[Opening GIVEN INFORMATION section]
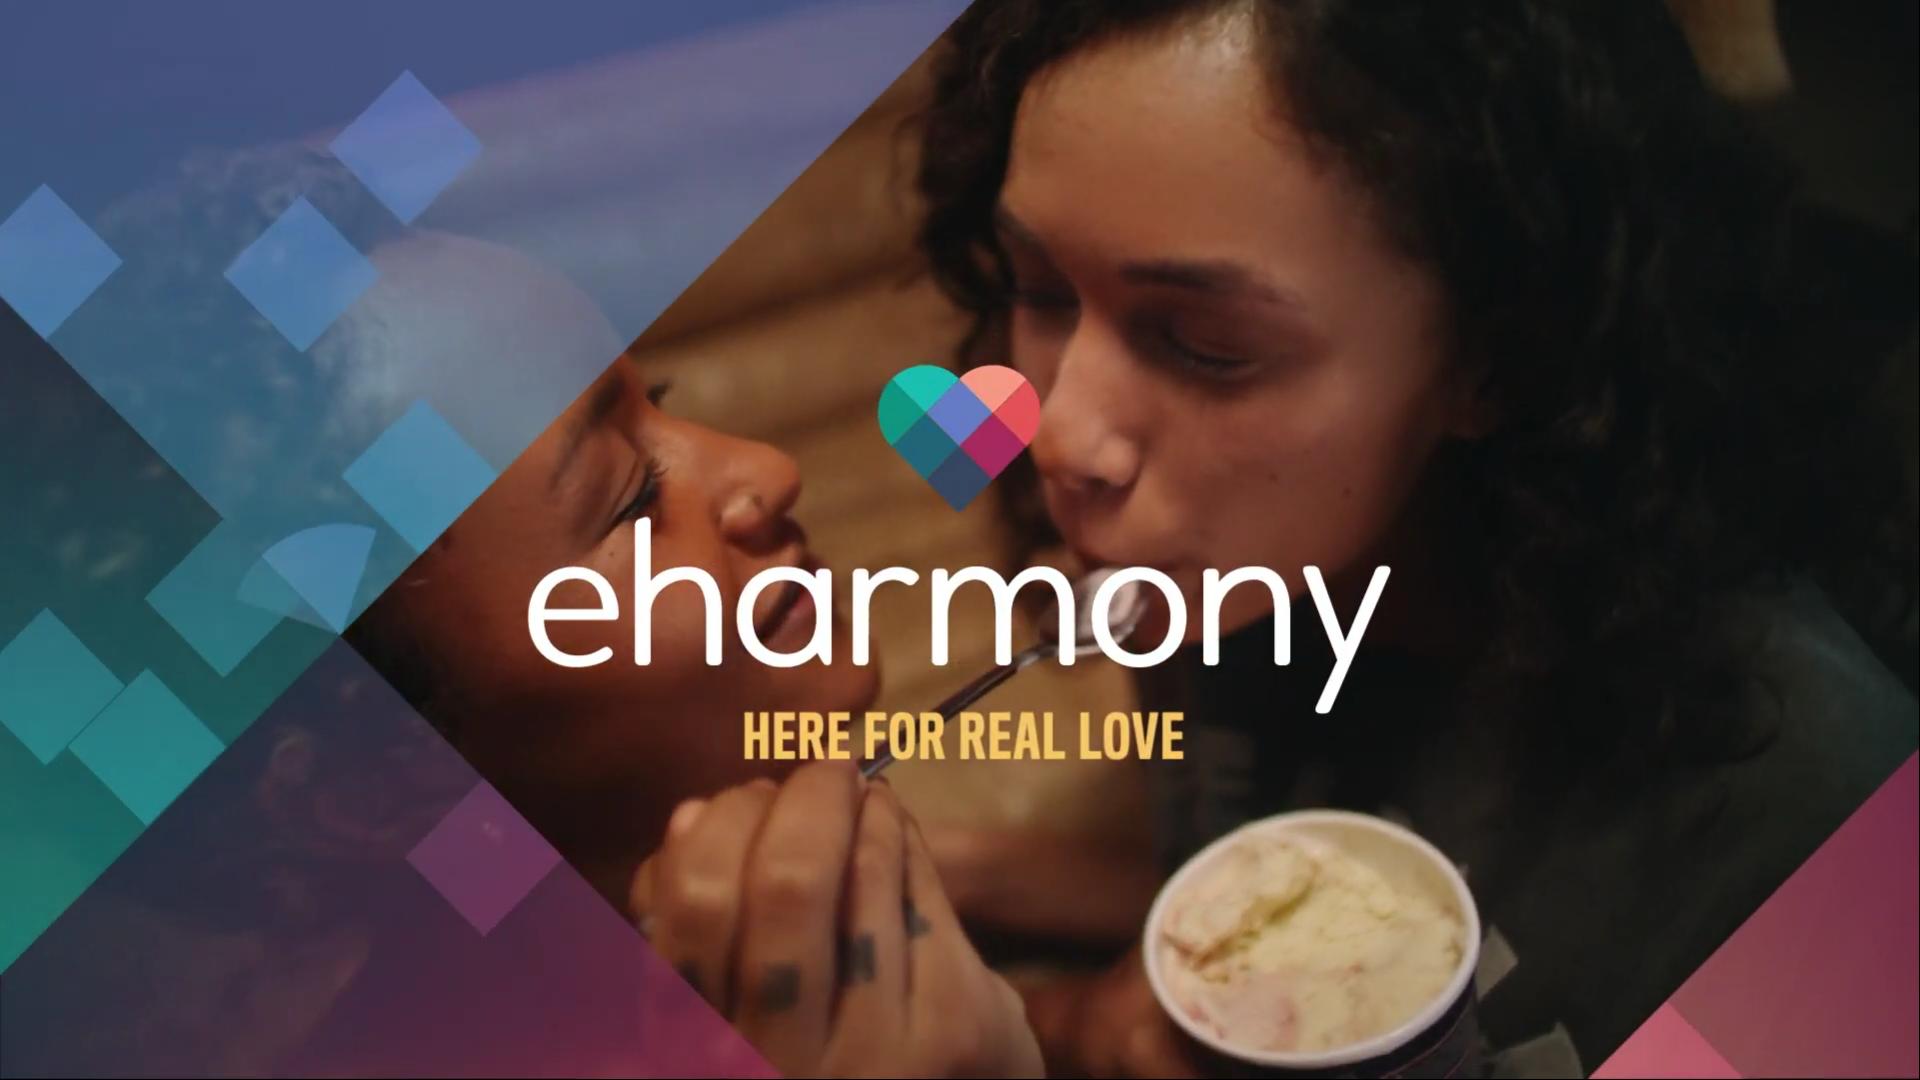 eharmony Accused of 'Brainwashing' Children For Advert Featuring Same-Sex Couple
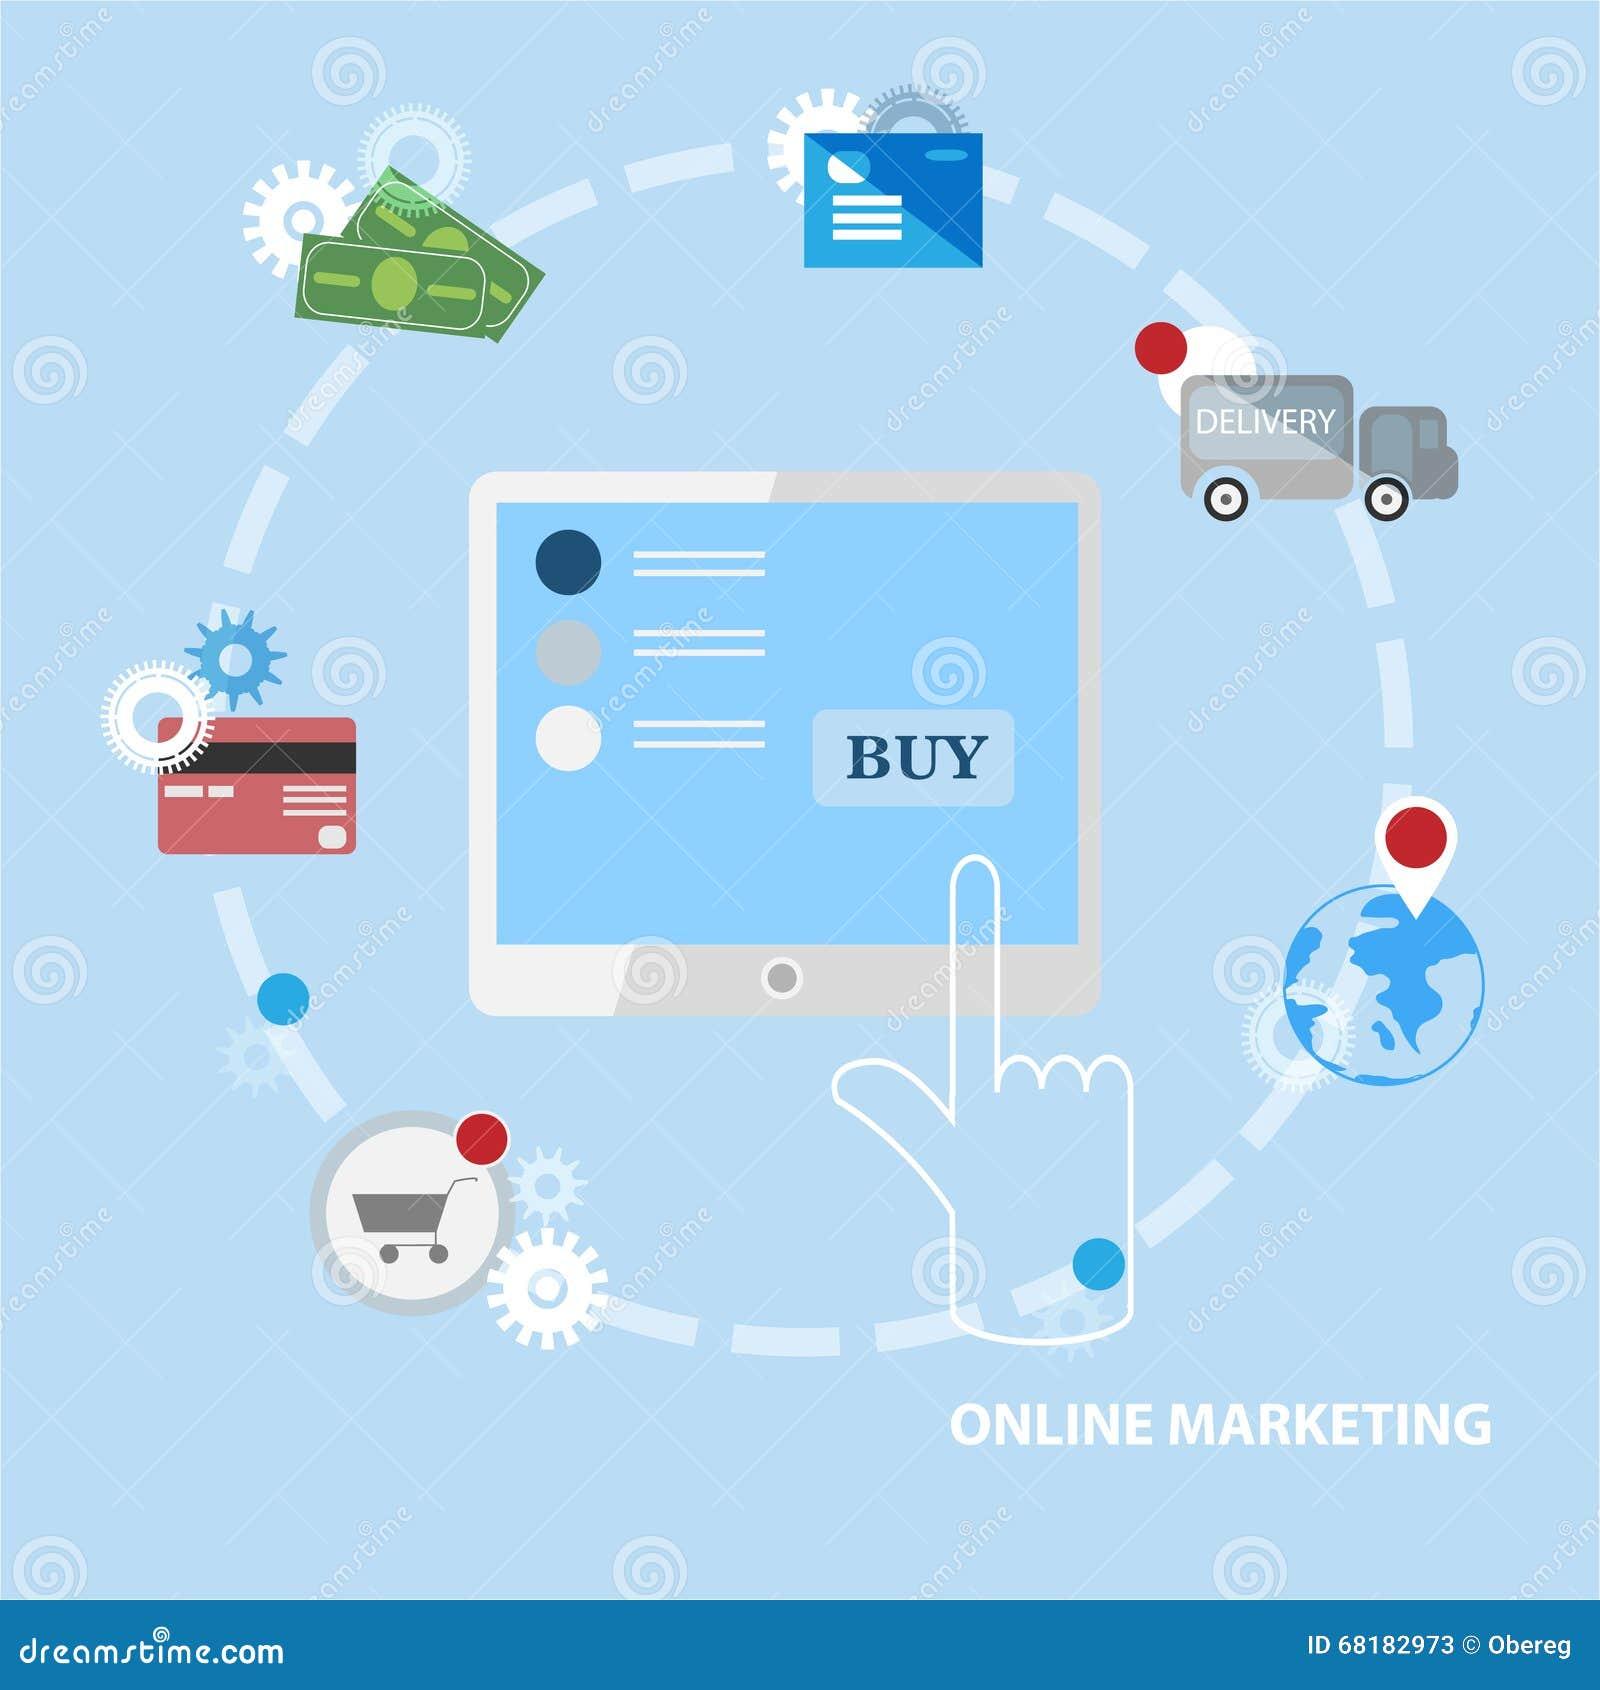 Online marketing business card vector template stock vector online marketing business card vector template colourmoves
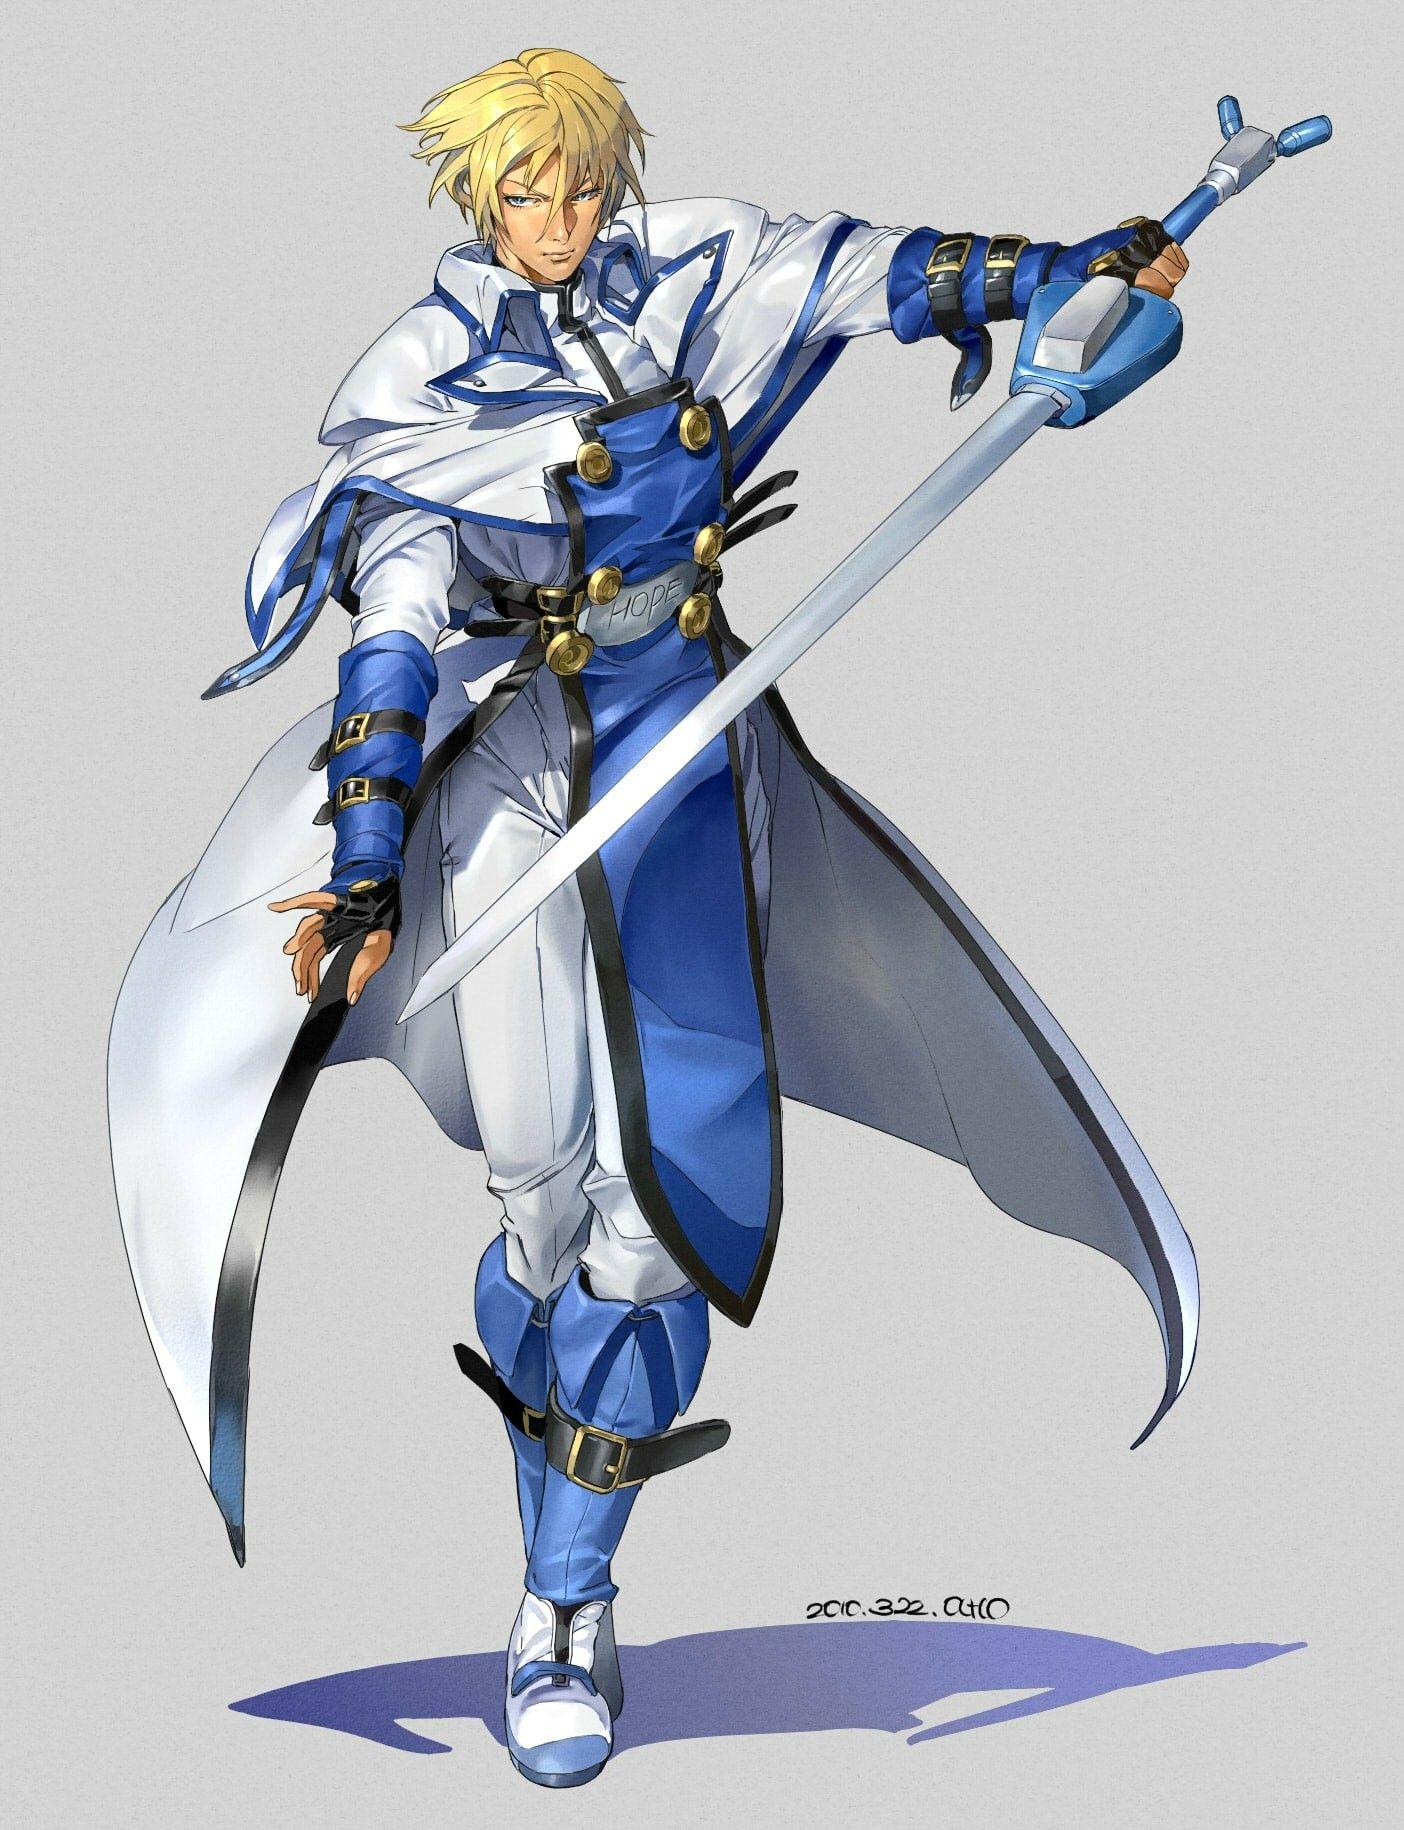 Pin by Mazus Kakazus on Fighting Game Anime guys
[Closing GIVEN INFORMATION section]
EXERCISE PROMPT:
Retype, word for word, the line containing "Online marketing business card vector template stock" and each line after it through the end of the data, leaving any picture out.

THE ANSWER:
 Online marketing business card vector template stock vector online marketing business card vector template colourmoves
 Pin by Mazus Kakazus on Fighting Game Anime guys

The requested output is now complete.